[ABOUT THIS EXERCISE]:
Write out every record below exactly as it appears.

===== EXTRACTED MATERIAL

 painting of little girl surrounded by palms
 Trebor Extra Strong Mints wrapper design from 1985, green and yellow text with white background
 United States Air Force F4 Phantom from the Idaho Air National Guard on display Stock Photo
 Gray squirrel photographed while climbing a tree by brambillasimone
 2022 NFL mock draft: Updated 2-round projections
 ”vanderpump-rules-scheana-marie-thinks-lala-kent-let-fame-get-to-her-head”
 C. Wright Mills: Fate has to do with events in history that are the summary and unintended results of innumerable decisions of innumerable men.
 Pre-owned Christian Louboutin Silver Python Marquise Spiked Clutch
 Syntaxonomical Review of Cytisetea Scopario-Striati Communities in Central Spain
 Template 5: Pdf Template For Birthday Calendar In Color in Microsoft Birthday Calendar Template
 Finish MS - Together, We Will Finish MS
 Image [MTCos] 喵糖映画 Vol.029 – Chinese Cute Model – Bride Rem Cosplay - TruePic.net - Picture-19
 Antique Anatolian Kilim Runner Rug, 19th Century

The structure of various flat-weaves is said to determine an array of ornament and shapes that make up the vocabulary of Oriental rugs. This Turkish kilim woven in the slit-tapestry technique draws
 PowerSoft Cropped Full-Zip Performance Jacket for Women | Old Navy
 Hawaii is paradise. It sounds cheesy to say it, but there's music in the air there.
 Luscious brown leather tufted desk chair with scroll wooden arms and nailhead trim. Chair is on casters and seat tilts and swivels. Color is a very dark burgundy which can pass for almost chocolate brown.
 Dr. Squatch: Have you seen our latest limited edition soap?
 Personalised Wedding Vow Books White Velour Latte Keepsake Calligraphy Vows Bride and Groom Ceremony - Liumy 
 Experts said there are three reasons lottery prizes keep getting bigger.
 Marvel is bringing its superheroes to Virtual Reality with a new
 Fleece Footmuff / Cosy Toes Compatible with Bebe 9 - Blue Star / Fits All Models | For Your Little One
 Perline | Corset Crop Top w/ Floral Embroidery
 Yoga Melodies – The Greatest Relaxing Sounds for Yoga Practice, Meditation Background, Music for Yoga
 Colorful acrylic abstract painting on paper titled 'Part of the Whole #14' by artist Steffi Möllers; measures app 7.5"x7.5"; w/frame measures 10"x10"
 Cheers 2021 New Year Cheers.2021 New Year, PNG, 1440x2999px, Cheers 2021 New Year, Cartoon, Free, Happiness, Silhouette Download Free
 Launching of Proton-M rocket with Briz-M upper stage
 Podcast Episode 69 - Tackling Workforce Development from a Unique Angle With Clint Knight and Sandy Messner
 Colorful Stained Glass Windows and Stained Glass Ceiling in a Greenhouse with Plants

==========

[SOLUTION TO THIS PROBLEM]:
 painting of little girl surrounded by palms
 Trebor Extra Strong Mints wrapper design from 1985, green and yellow text with white background
 United States Air Force F4 Phantom from the Idaho Air National Guard on display Stock Photo
 Gray squirrel photographed while climbing a tree by brambillasimone
 2022 NFL mock draft: Updated 2-round projections
 ”vanderpump-rules-scheana-marie-thinks-lala-kent-let-fame-get-to-her-head”
 C. Wright Mills: Fate has to do with events in history that are the summary and unintended results of innumerable decisions of innumerable men.
 Pre-owned Christian Louboutin Silver Python Marquise Spiked Clutch
 Syntaxonomical Review of Cytisetea Scopario-Striati Communities in Central Spain
 Template 5: Pdf Template For Birthday Calendar In Color in Microsoft Birthday Calendar Template
 Finish MS - Together, We Will Finish MS
 Image [MTCos] 喵糖映画 Vol.029 – Chinese Cute Model – Bride Rem Cosplay - TruePic.net - Picture-19
 Antique Anatolian Kilim Runner Rug, 19th Century

The structure of various flat-weaves is said to determine an array of ornament and shapes that make up the vocabulary of Oriental rugs. This Turkish kilim woven in the slit-tapestry technique draws
 PowerSoft Cropped Full-Zip Performance Jacket for Women | Old Navy
 Hawaii is paradise. It sounds cheesy to say it, but there's music in the air there.
 Luscious brown leather tufted desk chair with scroll wooden arms and nailhead trim. Chair is on casters and seat tilts and swivels. Color is a very dark burgundy which can pass for almost chocolate brown.
 Dr. Squatch: Have you seen our latest limited edition soap?
 Personalised Wedding Vow Books White Velour Latte Keepsake Calligraphy Vows Bride and Groom Ceremony - Liumy 
 Experts said there are three reasons lottery prizes keep getting bigger.
 Marvel is bringing its superheroes to Virtual Reality with a new
 Fleece Footmuff / Cosy Toes Compatible with Bebe 9 - Blue Star / Fits All Models | For Your Little One
 Perline | Corset Crop Top w/ Floral Embroidery
 Yoga Melodies – The Greatest Relaxing Sounds for Yoga Practice, Meditation Background, Music for Yoga
 Colorful acrylic abstract painting on paper titled 'Part of the Whole #14' by artist Steffi Möllers; measures app 7.5"x7.5"; w/frame measures 10"x10"
 Cheers 2021 New Year Cheers.2021 New Year, PNG, 1440x2999px, Cheers 2021 New Year, Cartoon, Free, Happiness, Silhouette Download Free
 Launching of Proton-M rocket with Briz-M upper stage
 Podcast Episode 69 - Tackling Workforce Development from a Unique Angle With Clint Knight and Sandy Messner
 Colorful Stained Glass Windows and Stained Glass Ceiling in a Greenhouse with Plants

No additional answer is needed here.